Do you need permission to use someone’s brand name?
If you’re writing a blog post or article about a brand, or if you want to use the name of a brand in your work, it’s important to check whether you need permission. You may be surprised that there are many situations where even quoting someone else’s words or using their logo could require permission from the brand involved. In this guide we’ll look at when you might need permission and how acquire USPTO trademark registration and what happens if you don’t!
Here’s a guide to using trademarks in your writing.
When you’re writing a book, you may find yourself wondering whether you need permission to use another brand’s name.
Trademarks are a form of intellectual property, and trademark law is designed to protect consumers from confusion in the marketplace. The Lanham Act, which governs trademark law in the U.S., says that a company can prohibit others from using its trademarks if they aren’t authorized by the company. If a consumer sees two products with similar packaging or logos and isn’t certain which one is the genuine product and which one is not, he or she might purchase both (or neither). This could lead to lost sales for companies who invest heavily in advertising campaigns—and it could even lead to lawsuits against these companies if someone gets sick after eating expired food because they couldn’t tell what was real and what wasn’t!
However, there are exceptions to the rules of trademark law. If you’re writing a book that takes place in a fictional world and uses brand names as part of the story, then you may not need permission from the company whose name you’re using. This is called “fair use,” and it’s designed to protect artists’ rights—including writers’.
When you use another person’s brand name, you may need their permission.
If you use someone else’s trademark without permission, the person who owns that trademark and fulfilled the process to register brand name may be able to sue you for copyright infringement or trademark infringement. If they win their case against you, they could be awarded damages for the harm you caused. These damages can include money, but also injunctions preventing further use of their brand name and other remedies. In extreme cases where there has been intentional deception or confusion by using another person’s trademark without permission, courts have awarded punitive damages (sometimes called exemplary damages) in addition to compensatory ones as punishment for having acted maliciously toward the owner of a marks.
Trademark infringement is both a federal and state crime, so you can be prosecuted by both the government and the owner of the mark. If convicted, you could face hefty fines and even time in prison.

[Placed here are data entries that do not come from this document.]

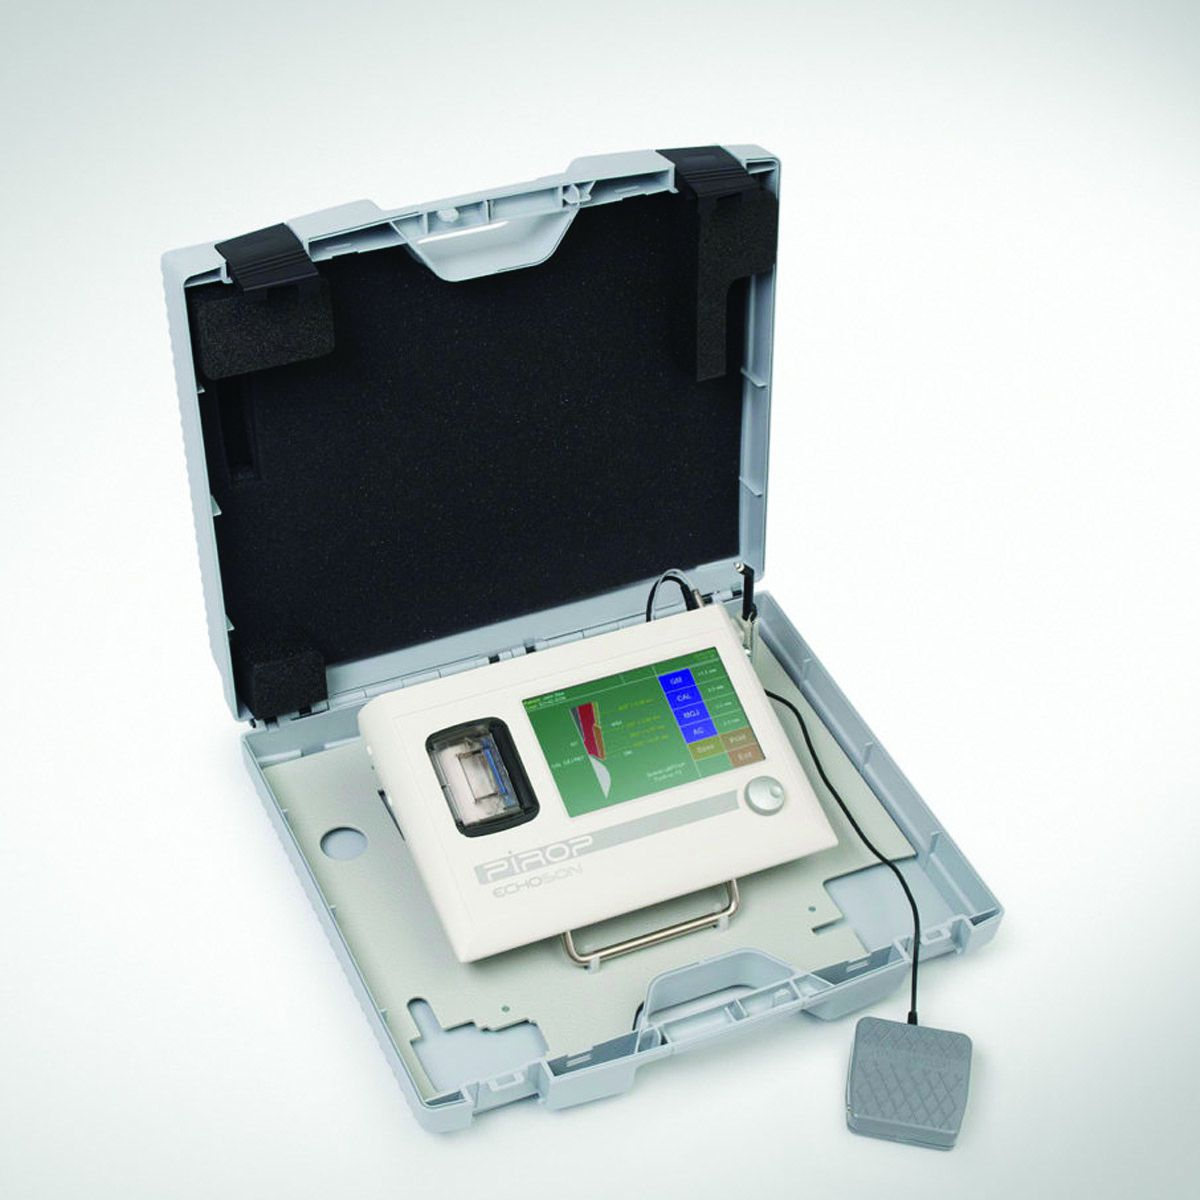 PIROP Biometric scanner
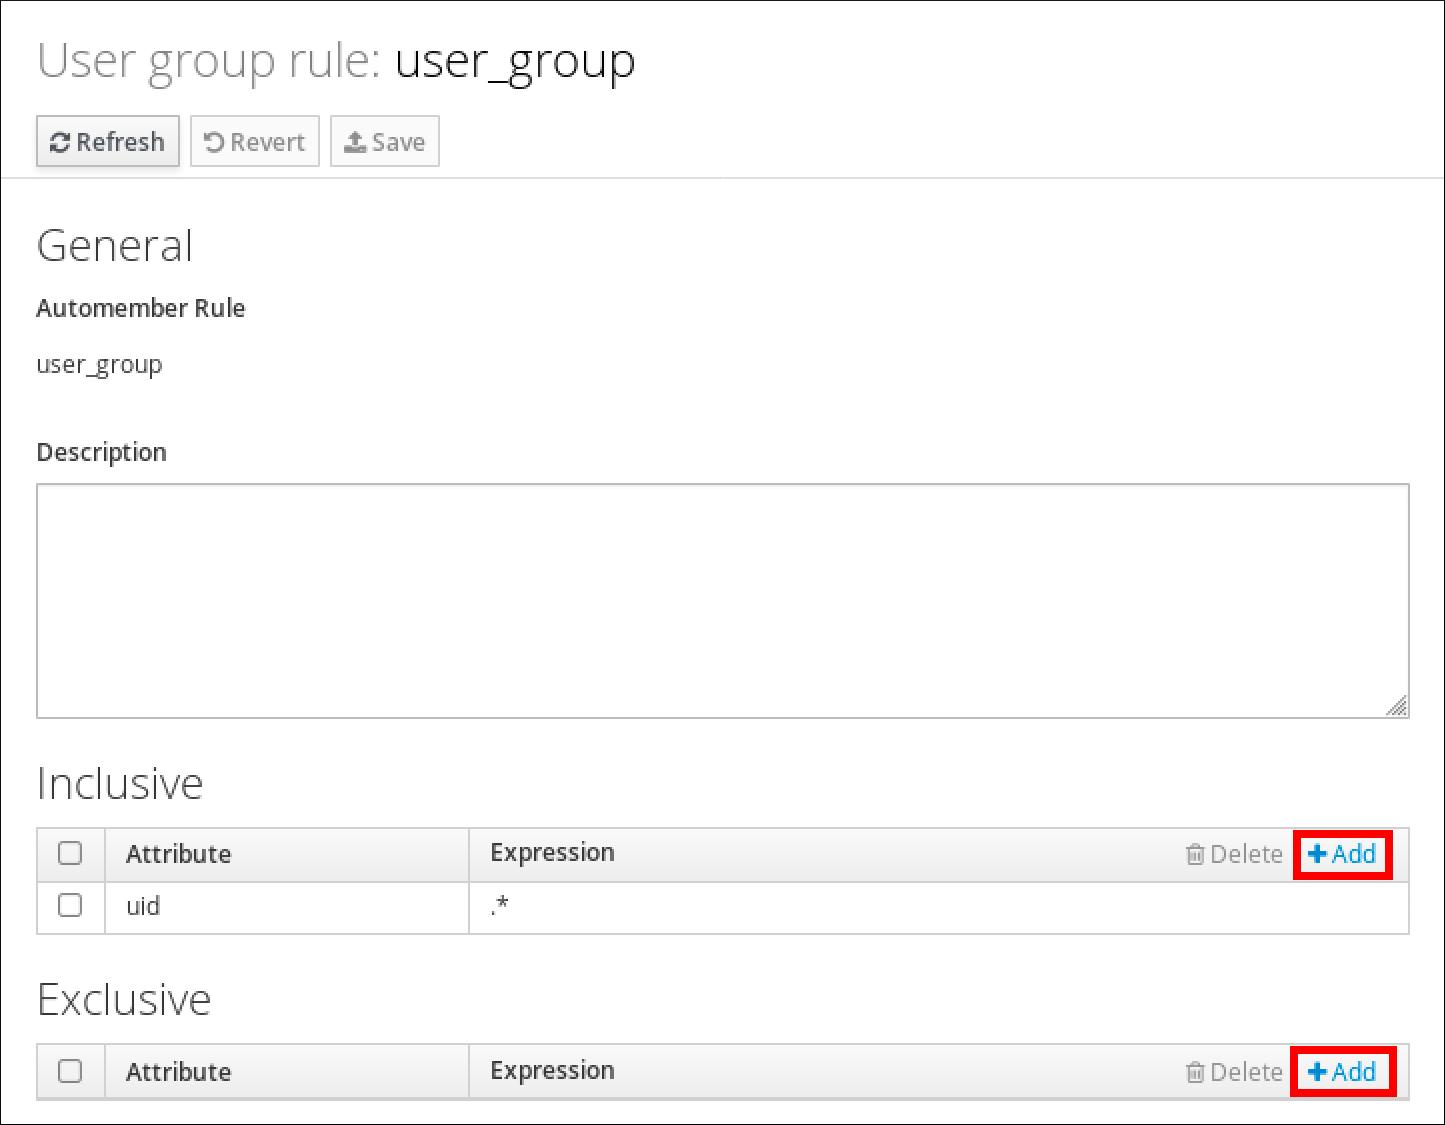 "User group 规则页面的屏幕截图,其中显示了 user_group 规则的属性。""Inclusive""部分有一个带有""Attribute""列的表,以及带有 Attribute ""uid"" 条目的""Expression""列,其表达式为 "".*""。底部是 Exclusive 部分,它也有一个含有 Attribute 列和 Expression 列的表,但它没有条目。"
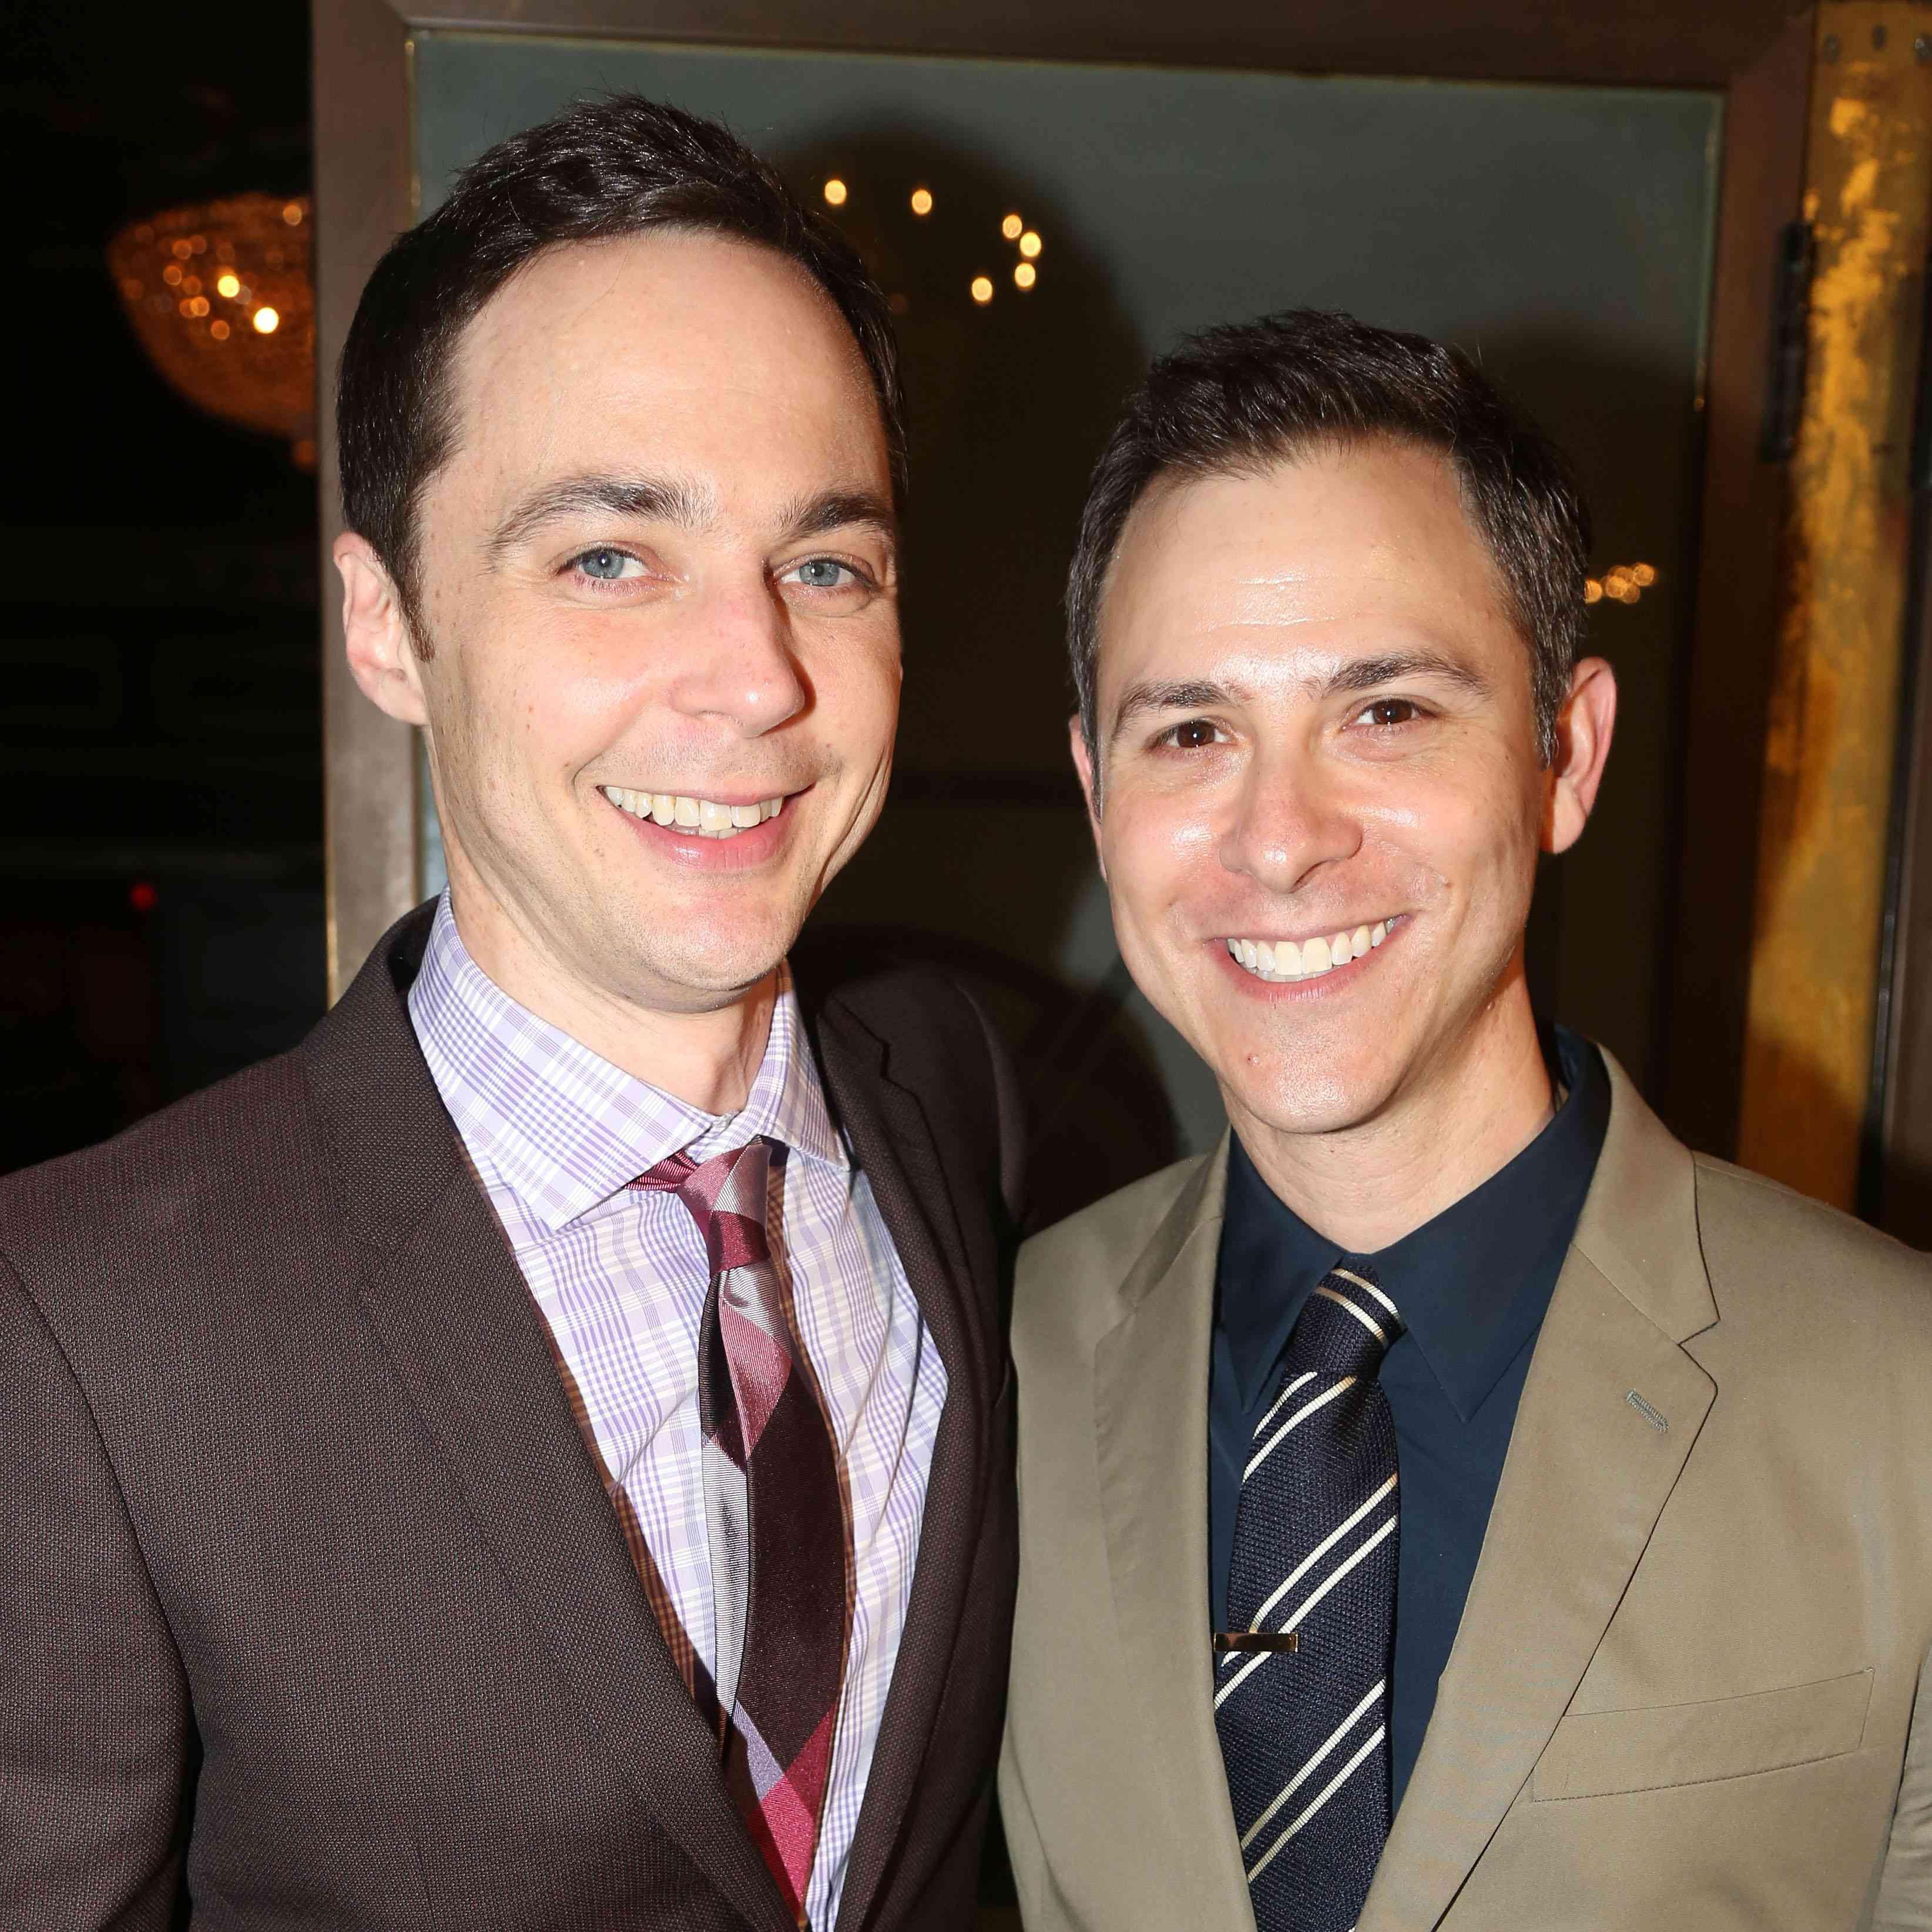 Jim Parsons Wedding: Jim Parsons Just Married Longtime Boyfriend Todd Spiewak
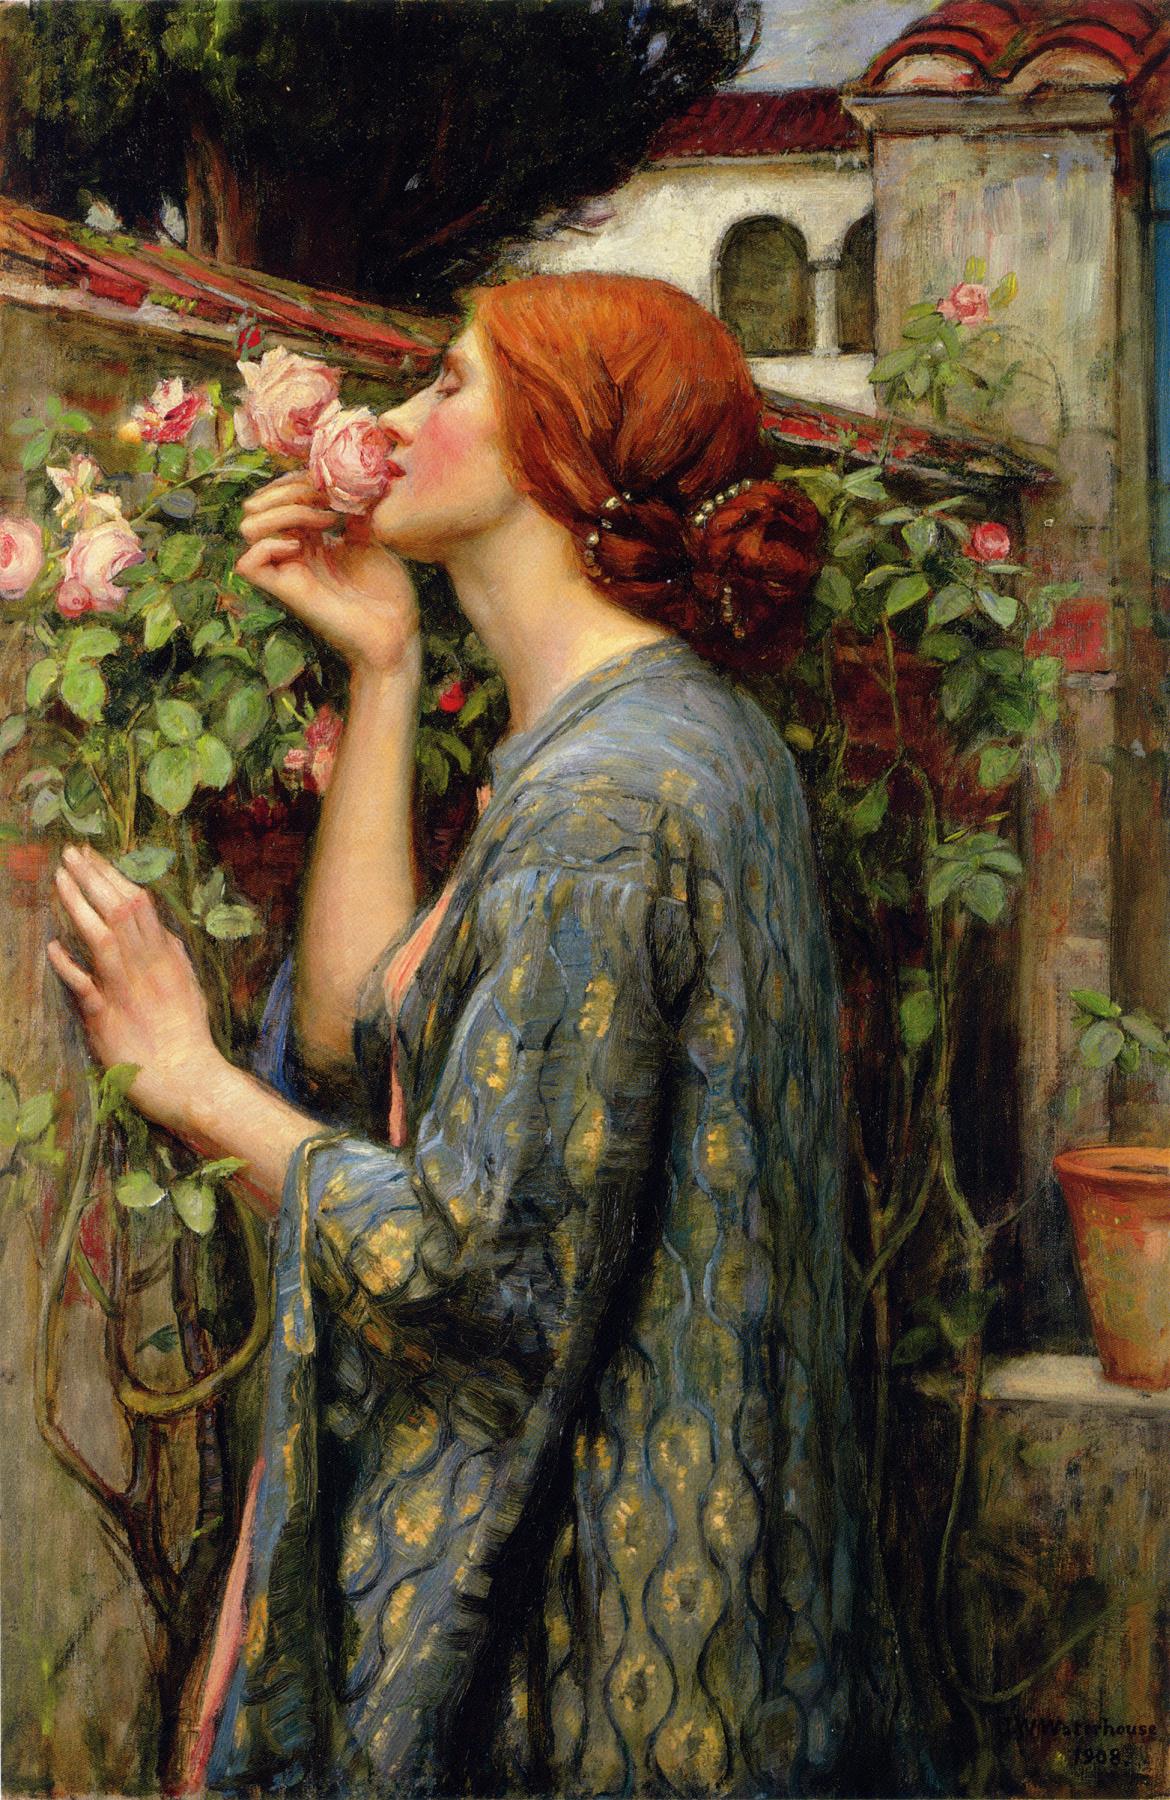 John William Waterhouse. My sweet rose (Soul of rose)

Even if you’re not convicted of trademark infringement, the legal costs of defending yourself against such a lawsuit can be very high. Even if you win your case, it will likely take months or years before the issue is resolved and you can continue with your business as usual.
If you’re writing an article about the quality or price of a product, that’s considered informational. If it includes a review of how to choose the best ABCD brand widget for your needs and offers recommendations, that’s also informational.
However, if you’re writing a news report and mention XYZ as an example of something happening in the industry or community—even if XYZ is one of many examples—then your article is not considered promotional and therefore does not require authorization from XYZ (or anyone else).
If you are writing informative content on how to choose the best ABCD brand widget for your needs, then again there is no need for permission at all.
As the author, it’s your call to determine whether or not a use of a brand name is editorial or promotional. If you’re writing something like ten ABCD brand widgets we love…that might be promotional because it implies endorsement from the brand. You might need permission to use their name.
On the other hand, if you’re writing something like ABCD has been making these widgets for years and they’re great…that would be editorial because it doesn’t imply any kind of endorsement from ABCD (or anything else). Just stating facts about their product line doesn’t require permission from them.
If you’re writing something like ABCD has been making these widgets for years and they’re great…that would be editorial because it doesn’t imply any kind of endorsement from ABCD (or anything else). Just stating facts about their product line doesn’t require permission from them.
For example, in the US, if you make a parody or send up an original work using a trademarked product (like “I <3 Scandal”), you may have some leeway under fair use laws that protect criticism. But this is only true as long as you are not hurting the market for the original product—so if your parody becomes more popular than its source material, then you’re likely in trouble.
If in doubt, just ask!
If you are confused about whether a brand owner has the right to stop you from using their product name, just ask! There are several ways that you can contact the brand owner. These include:
- Asking a trademark lawyer
- Asking the brand owner’s lawyer (if they have one)
- Contacting the PR team of the company behind the product or service (this is especially useful if you have been asked to remove content by someone who may not be an official representative of the company)
Asking the brand owner directly regarding US trademark application (this will usually be through their social media accounts)
If you’re unsure about what you can or can’t do, just get in touch with the brand owner and ask them. They’ll be happy to give you their opinion, and they might even offer some helpful tips for how to avoid any issues.